Tony Garnett


Tony Garnett was a British film and television producer, and actor. Best known for his thirteen-year association with director Ken Loach, his work as a producer continued into the 21st century.

Early life and career

Born Anthony Edward Lewis in Birmingham, he lost his parents when young: his mother Ida died when he was five from septicaemia following a back-street abortion, and his father Tom Lewis, a garage mechanic turned insurance salesman, committed suicide nineteen days later. Tony was raised by his maternal aunt and uncle, Emily and Harold Garnett, whose surname he adopted in his late teens, and his younger brother Peter was raised by other relatives. Garnett attended the Central Grammar School in Birmingham and read Psychology at University College, London. By his own admission, he spent most of his time acting in the Drama Society and on television.
Beginning as an actor, Garnett appeared in An Age of Kings, the BBC's mounting of Shakespeare's eight contiguous history plays, the courtroom film The Boys, several television plays by David Mercer, and an episode Catherine in the Teletale series, significant for his career because it led to his first meeting with its director, Ken Loach.

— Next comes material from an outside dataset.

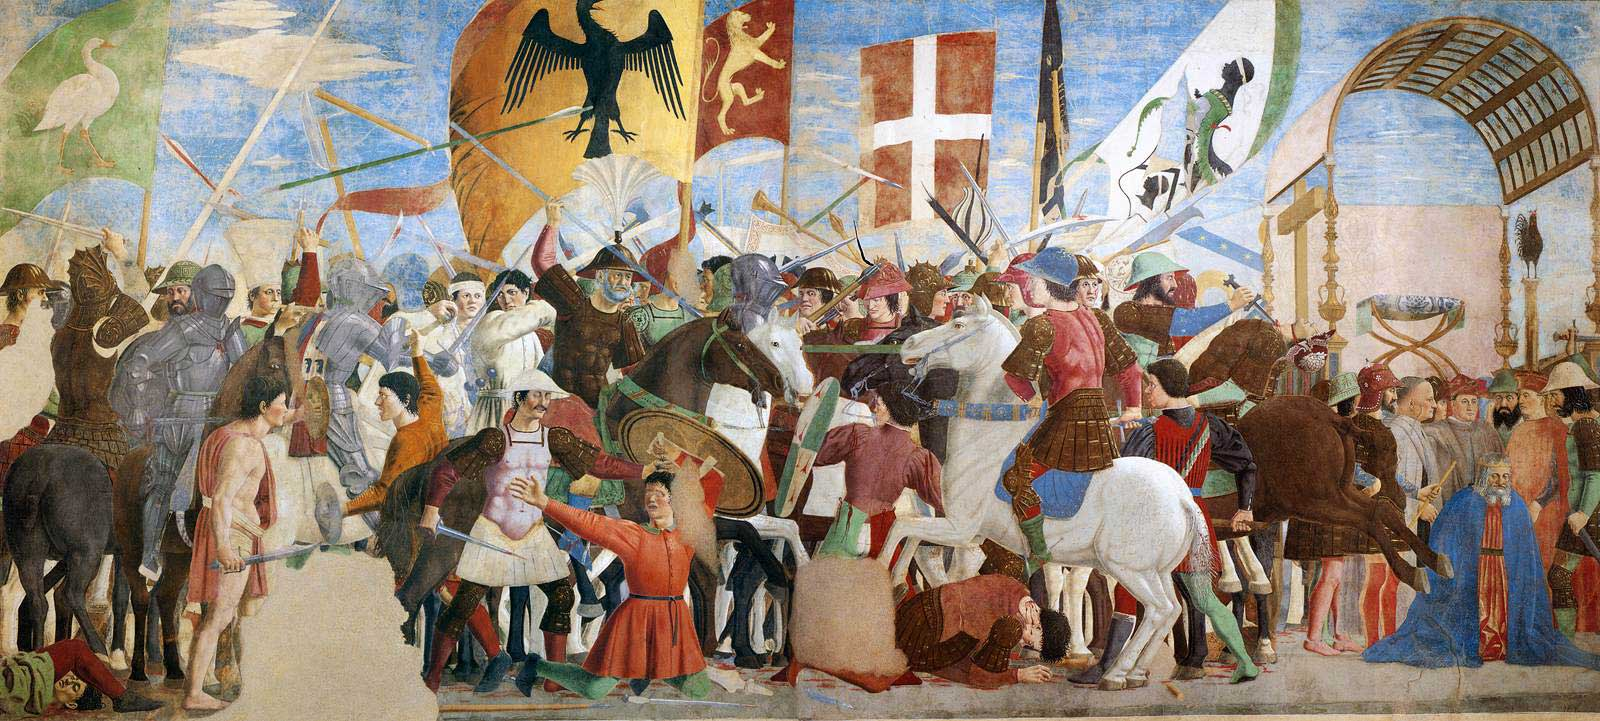 Piero della Francesca, raccontato con un docufilm

Work with Ken Loach and others

Recruited by Roger Smith, he became an assistant story editor at the BBC, working on The Wednesday Play. The plays he worked on included the "very, very personal" Up the Junction, directed by Loach, which features a then still illegal abortion, but he was soon under contract as a producer. The best known of his contributions to The Wednesday Play series in this role is the docudrama Cathy Come Home, again directed by Loach. Garnett in 1967 introduced Loach to writer Jim Allen, who would be one of the director's collaborators for a quarter of a century. Garnett worked with Allen too, sometimes independently of Loach, but also with him on such works as Allen's The Big Flame, which had been shot in February and March 1968, but was withheld from transmission by the BBC.
Together with dramatist David Mercer, fellow producers Kenith Trodd and James MacTaggart, and literary agent Clive Goodwin, Garnett founded Kestrel Productions, which was conceived as an autonomous unit connected with London Weekend Television. The arrangement led to the production of seventeen television dramas within two years. He and his colleagues, though, found the experience as limiting as they had their period at the BBC. LWT required Garnett and his colleagues to mainly use their television studio and record on video tape, only allowing them to shoot on film and on location occasionally. Despite this, as Kestrel Films, the production company had an interest in the feature films Kes, based on a Barry Hines novel, and Family Life, from a television play by David Mercer. Both were produced by Garnett and directed by Loach.
In 1969, Garnett was the producer of Loach's The Save the Children Fund Film. Commissioned by the charity itself, and originally intended for screening by LWT, it was suppressed for forty years after Save the Children disowned it, and only finally screened in 2011 at BFI Southbank. Days of Hope was a four-part serial for the BBC written by Jim Allen and directed by Loach. It recounts events from the Great War to the General Strike of 1926. A two-part Play for Today, The Price of Coal, reunited Garnett and Loach with Barry Hines, and was their response to the silver jubilee of the Queen, mixing that celebration with a fatal accident involving two miners. The Spongers, written by Allen and directed by Roland Joffé, also used the background of the silver jubilee, this time in the context of government spending cuts in the welfare state, in particular the closure of facilities used by a child with learning difficulties.
Garnett produced G.F. Newman's Law and Order, a quartet of dramas looking at the failings of the British criminal justice system. Its broadcast resulted in questions being asked in parliament. The last production from Garnett's association with Loach was the children's film, Black Jack.

Later career

Garnett's later film credits include Prostitute, Handgun, Earth Girls Are Easy and Beautiful Thing. After relocating to the United States, Garnett lived by the principle "a movie should never be about what it's about" meaning that, although Earth Girls is disguised as a space comedy about aliens and Follow That Bird is a Sesame Street style children's film, the real theme of these motion pictures is racial prejudice.
In 1990, he founded World Productions, for which Garnett oversaw Between the Lines and This Life and other productions.
In 2009, an email by Garnett was circulated within the television industry, and published online, in which he argued that the BBC's management techniques "stifle the creativity which the organisation is supposed to be encouraging". Despite his involvement in the independent production sector, a term he found misleading, Garnett was critical of it. He said that the BBC no longer has an interest in "poor people". When "occasionally they do" feature, the poor "are smirked at or derided as chavs."

Personal life and death

In 1963, Garnett married Topsy Jane Legge, whom he met while performing in amateur theatre. They had a son, Will, and later divorced. In 1978, he married Alexandra Ouroussoff, with whom he had another son, Michael; the couple divorced in 1988. He wrote a memoir, The Day the Music Died, A Life behind the lens in 2016.
Garnett died on 12 January 2020 after a short illness. He was survived by his partner, Victoria Childs, and his sons.